Crohn's Disease and Chronic Pancreatitis

hello Sam, sorry for your health issues! I don't have an answer for you, but recommend you to visit an awesome group I'm in.... go to Facebook and look for "pancreatitis survivors" you will get a reply quicker and more people that suffer from CP and P. hope this helps!

I don’t have Chron’s but I got chronic pancreatitis from a congenital abnormality called Pancreas Divisum. Have you seen a dietitian? When you develop pancreatitis, you’re also at risk of developing food intolerances. It was one of my specialist’s concerns prior to my diagnosis. Furthermore, have you been on pain meds for years (I only ask because reading about Chron’s sounds painful)? If so, I would get tested for gastroparesis (slowing of your digestive system). This condition can be caused by being on pain meds for years. Pancreatitis can cause a slew of problems, therefore I cannot imagine what you must be dealing with or have dealt with. I go every other month for an ERCP to widen my pancreatic ducts (I have two instead of one due to my condition).
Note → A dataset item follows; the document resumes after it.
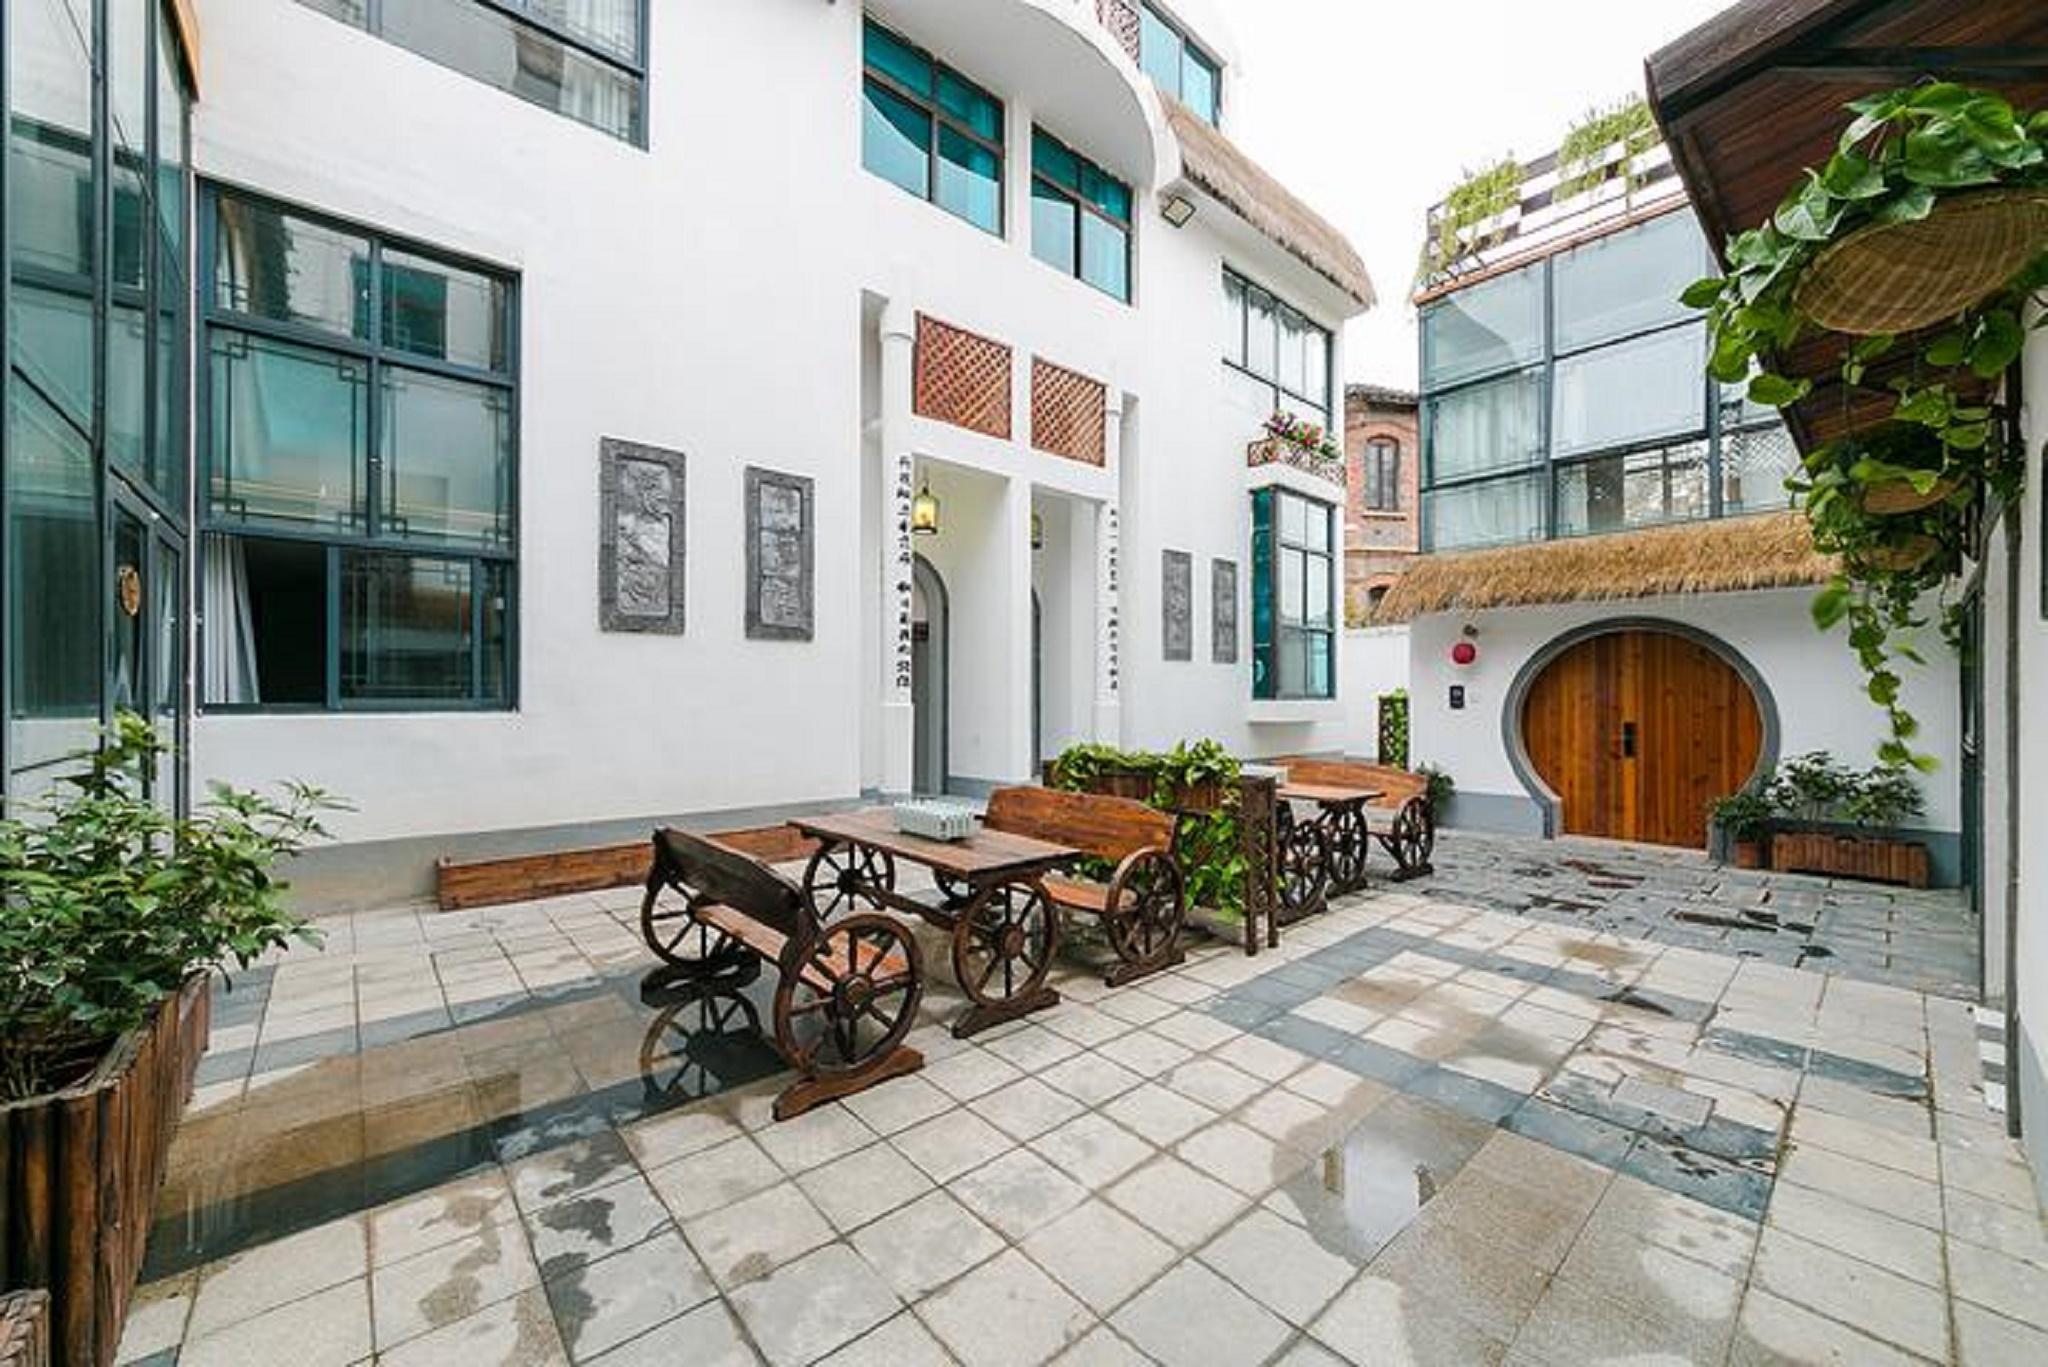 Su She courtyadr Hotel Suzhou – Hotel Reviews, Photos & Room Rates

ERCPS are used as treatment methods for pancreatitis. I had one pancreas specialist advise me there’s a nerve block for abdominal pain but I’m not a candidate because I have a nerve disease that makes my nerves misfire and contract my muscles. I don’t know what your diet is like, but I would keep a journal … when the pain is worse and what you ate that day, etc.  The only advice I can give is in regards to pancreatitis. Stick to a low fat diet, no alcohol, avoid stress (yeah right but try), eat six smaller meals as opposed to three big meals (easier to digest). Ask for an EPI test to see if you need digestive enzymes. Unfortunately, the pain is kinda always a dull ache until an attack (at least for me). I rest my pancreas by not eating solid foods for a couple days, drink Ensure or chicken broth. Stay hydrated as well as you can. I wish I could help with your original question. Best of luck and I hope you feel better soon.